И вот наступили для меня печальные дни. Почти целый день я проводила у одной дамы, которая учила меня шить. Там были только немки, мы не понимали друг друга, и я сидела как без языка. И дома было то же! Трудно мне приходилось, и так продолжалось до тех пор, пока я не выучила самые простые разговорные слова. А сколько слез я пролила — известно лишь одному богу. Куда только дядя меня не водил: и к Шперлу в трактир, и в прекрасные сады, и в театр, но меня ничто не радовало; милее всего мне было бы очутиться дома и с подружками отправиться в костел св. Лаврентия или к Петровичам за сливками. Однажды, прогуливаясь в саду, я услышала чешские слова: «Пойдемте, друзья». В меня точно выстрелили, я бросила дядю и хотела туда побежать, но он сердито закричал по-немецки: «Глупая девочка, это неприлично!» Мне пришлось остановиться, но я долго еще смотрела вслед землякам, которые так утешили меня своими словами.

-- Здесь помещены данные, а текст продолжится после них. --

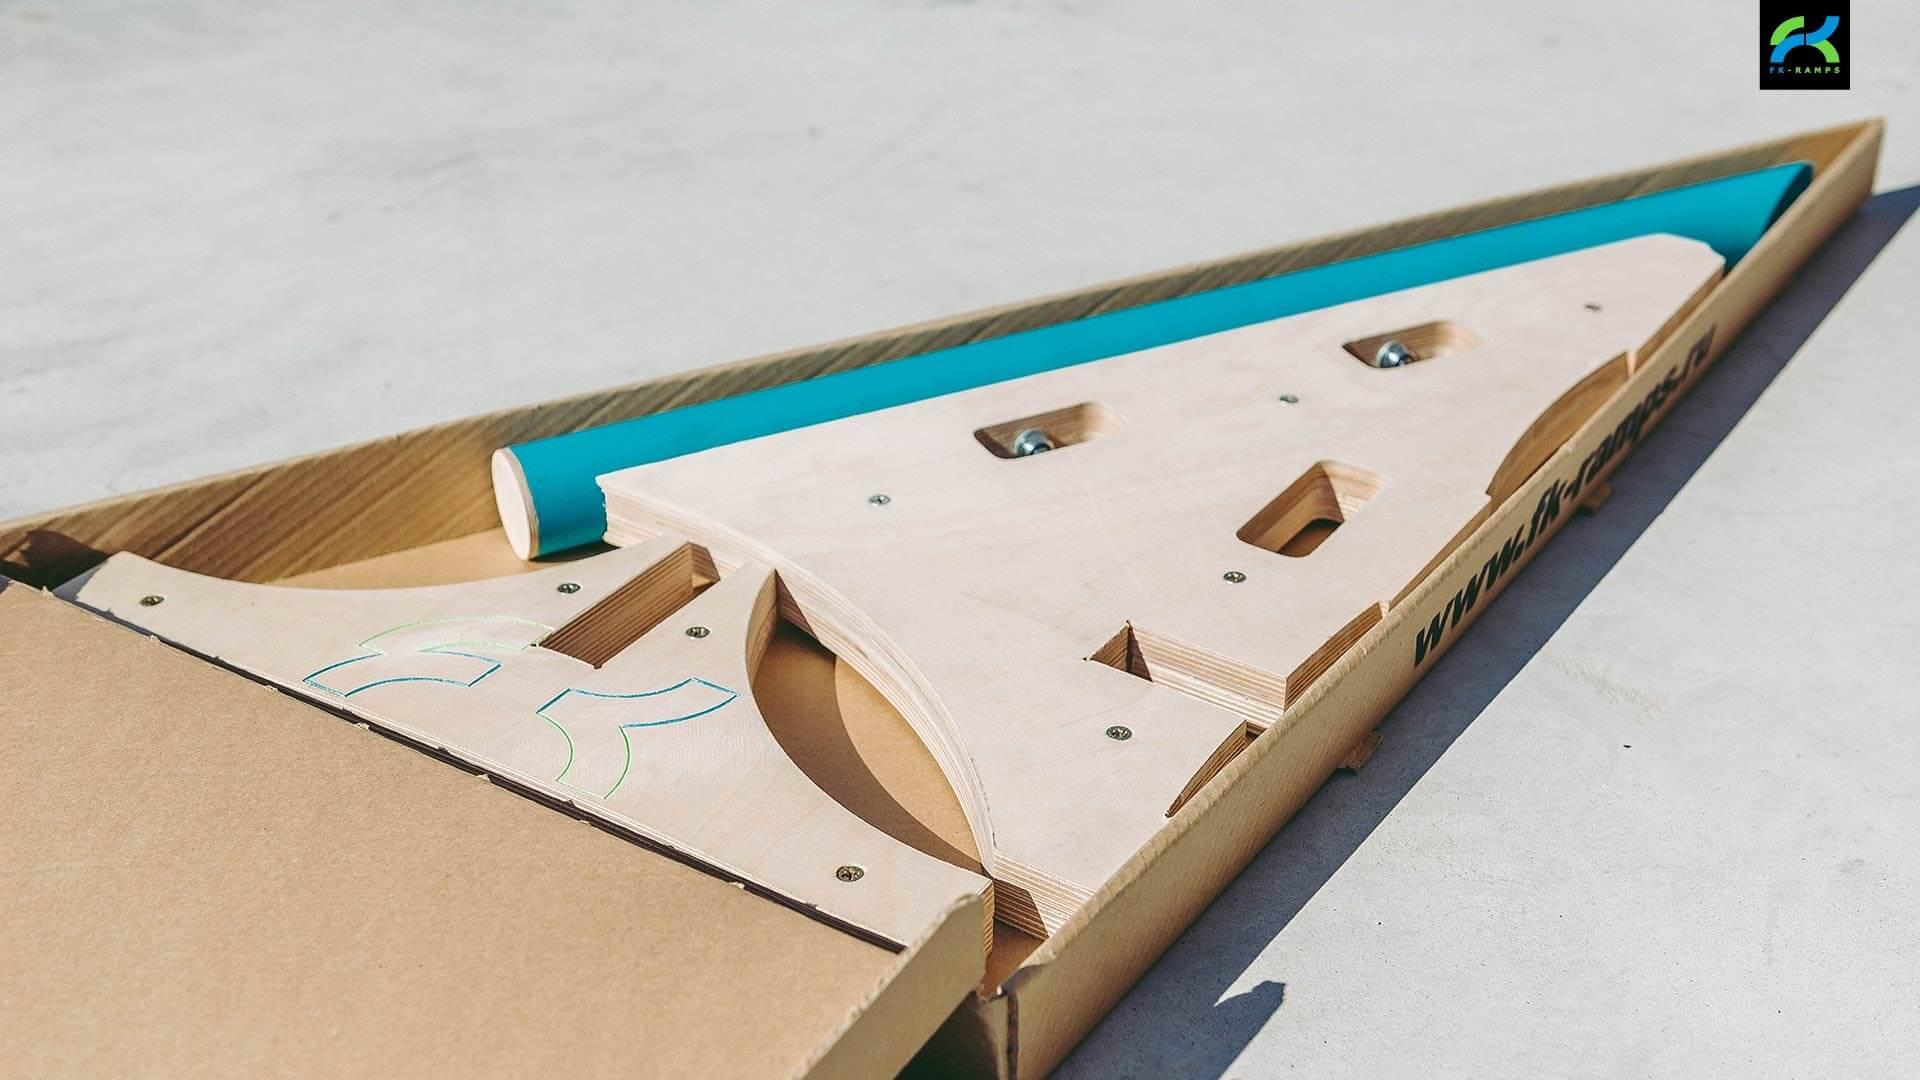 Набор для трюков на скейте - FK-ramps

Я чувствовала себя такой одинокой, как будто была одна на всем свете; возненавидев все развлечения, я больше всего полюбила оставаться дома одна. Тогда я открывала окно, выходившее во двор, и, стоя около него, разговаривала сама с собой или пела.

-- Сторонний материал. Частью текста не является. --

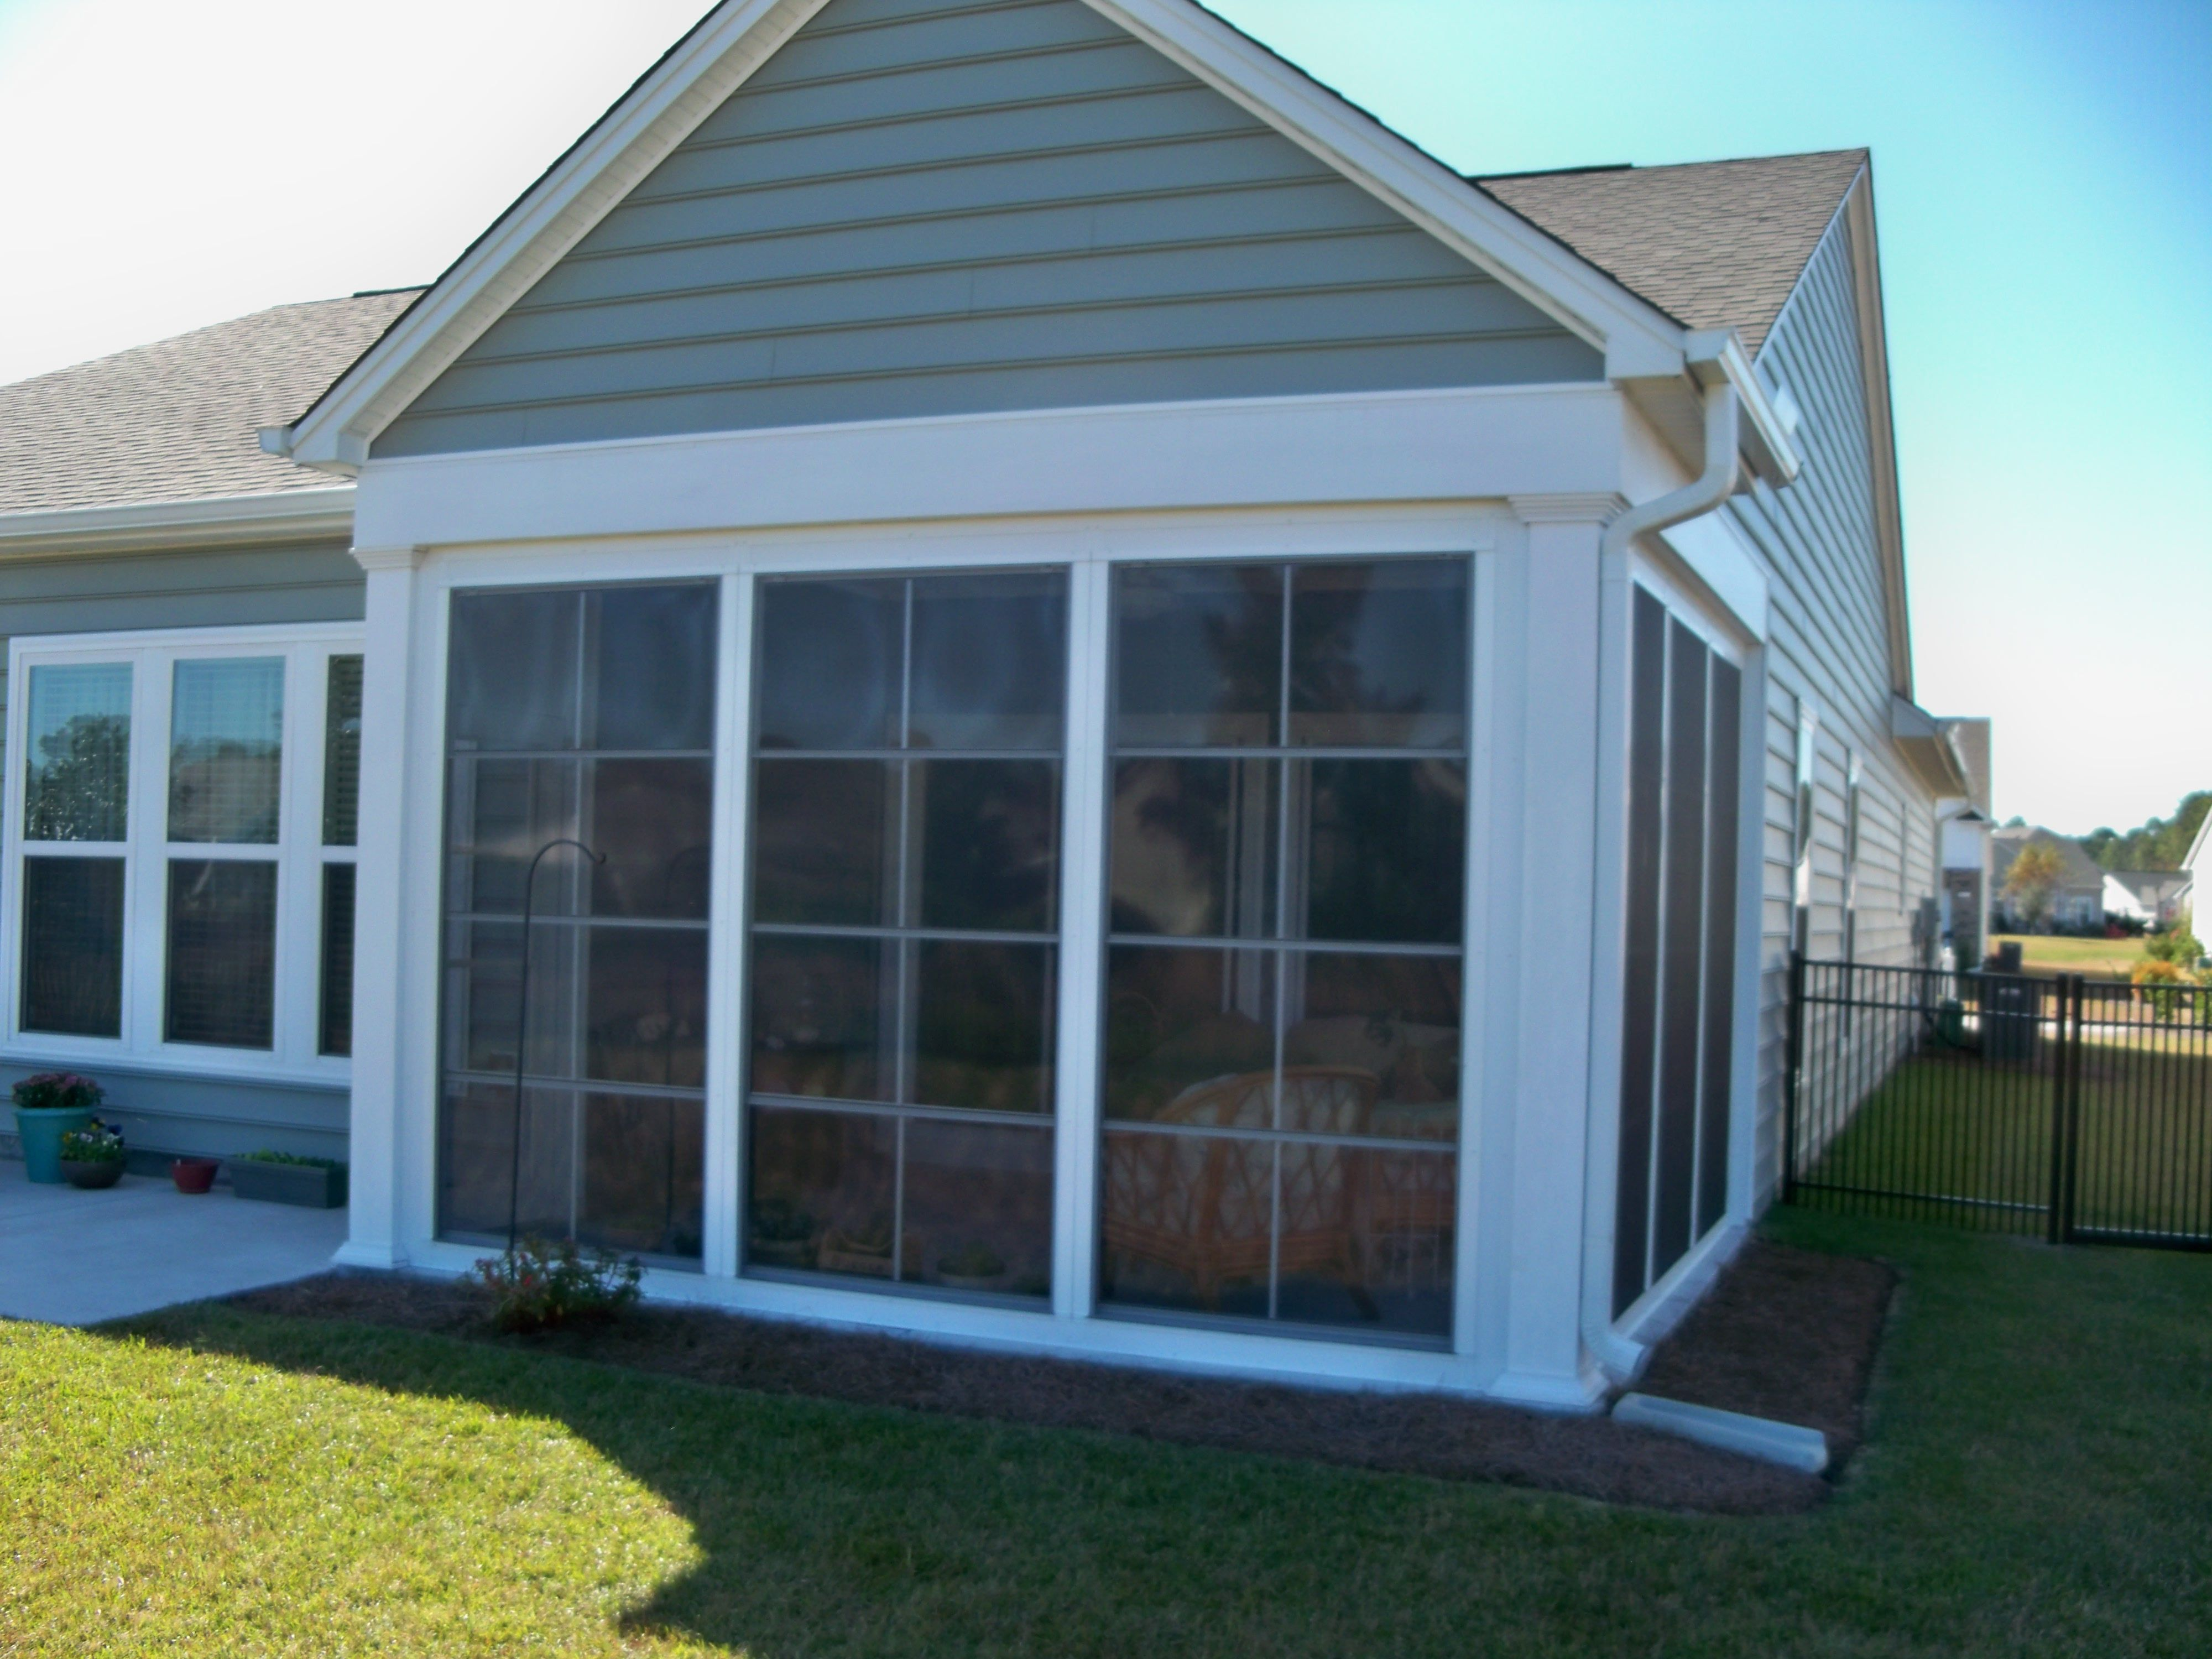 Enclosed Porches And Sunrooms | The Sunroom Store   Wilmington U0026 Greenville  NC | Sunrooms U0026

Знаю, что это было глупо. Представив себя своей матушкой, я спрашивала: «Анечка, как ты живешь?» — и сама же отвечала: «Плохо, ох как плохо, матушка! Я тут не выдержу, и если вы не возьмете меня домой, то здесь я умру, и тогда никто мне в день поминовения усопших не поставит на могилу свечу, и ни одна подружка не украсит ее цветами». Так я развлекалась разговором сама с собой, радуясь хотя бы тому, что слышу родные звуки. Наговорившись и наплакавшись вволю, я начинала петь; самыми любимыми моими песнями были: «Ах, нет, здесь нет», «Ты у меня, Маринка, хорошо себя веди», «Вчера было воскресенье» и многие другие.

Напротив нашего балкона жила одна чиновница, родом из Венеции. Она часто к нам захаживала. Однажды я, как и всегда, пела у открытого окна. У той дамы окно тоже было открыто. Через минуту она прибегает к нам и спрашивает, кто это у нас так поет. Мне и в голову не пришло, что она имеет в виду меня, поэтому я дала ей понять, что у нас дома никого нет, и она ушла. Но как только дядя с тетей вернулись домой, она опять прибежала и попросила дядю узнать у меня, кто пел, сказав, что это трогательное пение напомнило ей родину. Дядя спросил у меня, и, наконец, мы выяснили, что чиновница слышала именно мое пение. Но она не поверила, пока я не спела еще раз.

— Кто ее научил этим песням? — спросила она дядю, который был у нас переводчиком. Я не знала, что ей отвечать, ведь это были звуки, которые я помню с колыбели, они вошли в мою плоть и кровь, и без них я не могла бы жить. Я сказала тогда, что у нас все так поют, на что соседка заметила: «Говорят, в Чехии люди такие грубые, у них нет даже порядочного жилья, они ютятся всей семьей в одной горнице, где вместо пола грязь, пищу они едят немасленую и несоленую и даже о боге забыли».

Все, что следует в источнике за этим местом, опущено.